The awful movie Burt Reynolds admitted was a ripoff of a mediocre one: “Very much a copy”
Creativity has been running in short supply in Hollywood for decades, at least regarding the industry’s most expensive blockbusters. Burt Reynolds was nowhere near that playing field in the mid-1990s, but he still decided to come clean and admit one of his many terrible movies was a blatant ripoff.
If there’s one thing the actor could never be faulted for, it was his honesty, even if it wasn’t always in his best interests. Reynolds spent half a decade as the biggest star in the industry, but his fears over venturing too far outside of his wheelhouse came back to haunt him when he never came close to recovering that position from the early 1980s onwards.
He cracked the A-list for headlining a very specific type of film; ones in which he’d play a charismatic rogue who, more often than not, was a dab hand behind the wheel.

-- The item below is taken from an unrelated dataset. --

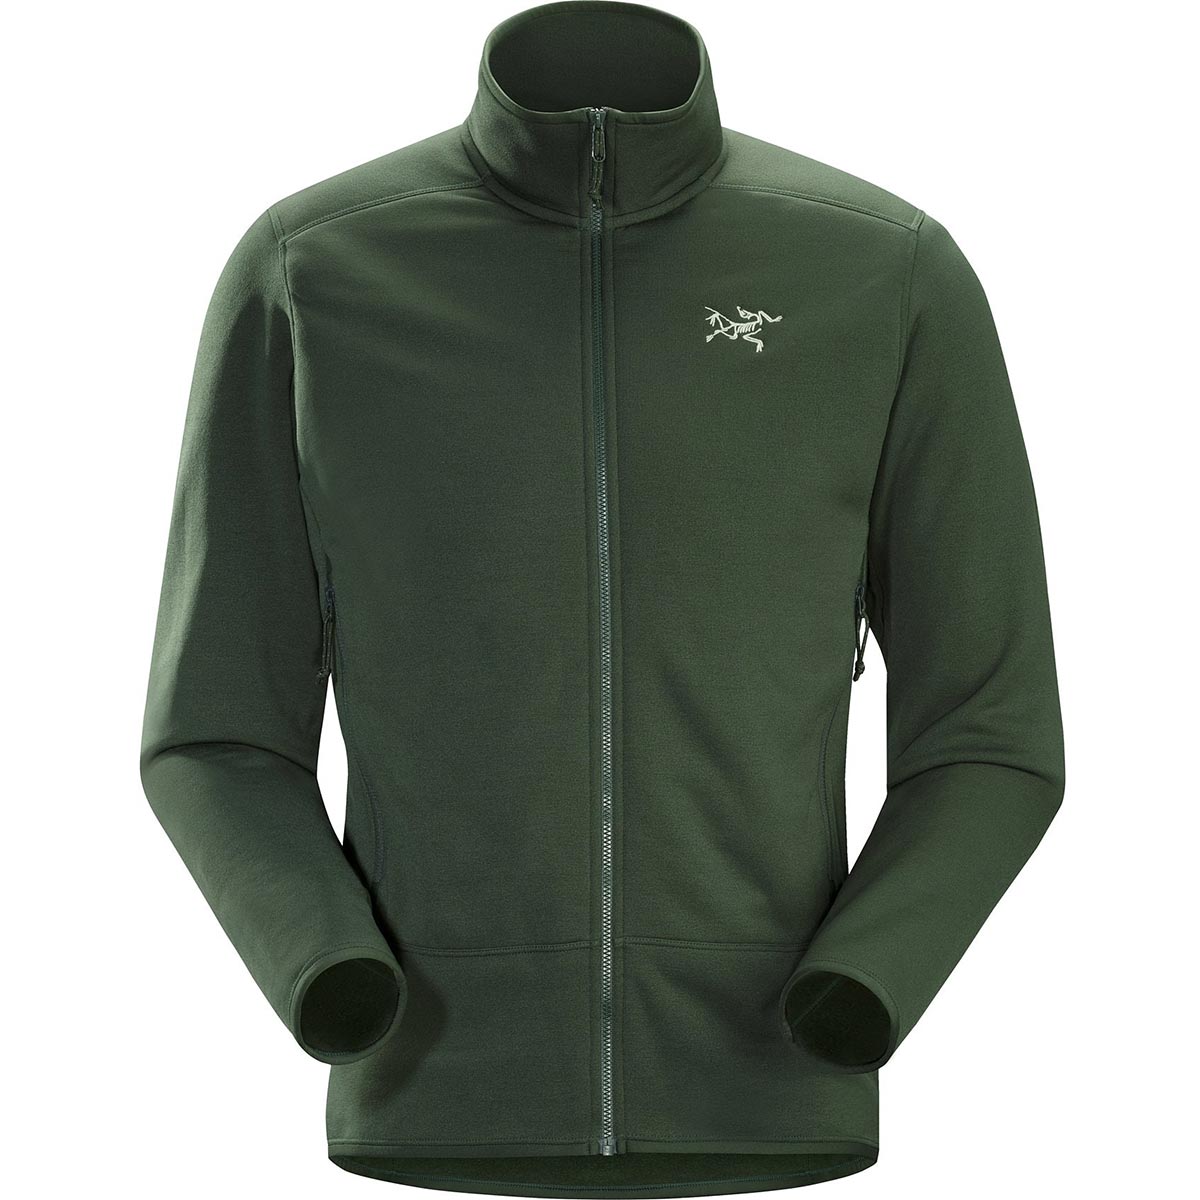 Arc'teryx Kyanite Jacket, men's, discontinued Spring 2019 colors (free ...

Once those days were over, Reynolds lurched from paycheque gig to paycheque gig, and reached his nadir when he was reduced to the straight-to-video action circuit, a place Nicolas Cage discovered is hard to escape from.
On the plus side, he wasn’t too far away from turning a corner, with his Academy Award-nominated performance in Paul Thomas Anderson’s Boogie Nights releasing less than ten months after 1996’s Raven, a shoddy shoot ’em up where he plays an elite soldier double-crossed and left for dead by the man he thought was his best friend.
Reynolds didn’t care for screenwriter Jacobson Hart’s script, so he decided to perform sweeping rewrites, which sounded as though they were based entirely on a recent viewing experience. “I’ve changed every word of mine in the film,” he proclaimed to The New York Times.
“The really talented ones understand it’s a collaborative effort, and if you say something funny, they say, ‘I wrote that,'” he explained. “This movie is very much a copy of that [John] Travolta movie, Broken Arrow. I play the Travolta part. It’s a part I can play. It’s my part, my persona. And if you play a pink flamingo, you can play one for life, if it’s a hit.”
John Woo’s second Hollywood feature hit cinemas ten months before Raven, and it must have set the lightbulb off in Reynolds’ head. The plots are suspiciously similar, or at least, they would be if he hadn’t admitted he’d rewritten the script to try and copy it. It wasn’t even a good movie either, with the Hong Kong maestro delivering a by-the-numbers action flick that only shows flashes of his brilliance.
Still, it was more than enough for Reynolds to grab the pen and start rehashing Raven to bring it more in line with Broken Arrow, even if it begs the question as to why he’d choose such a resoundingly mediocre picture to try and make a bad one better.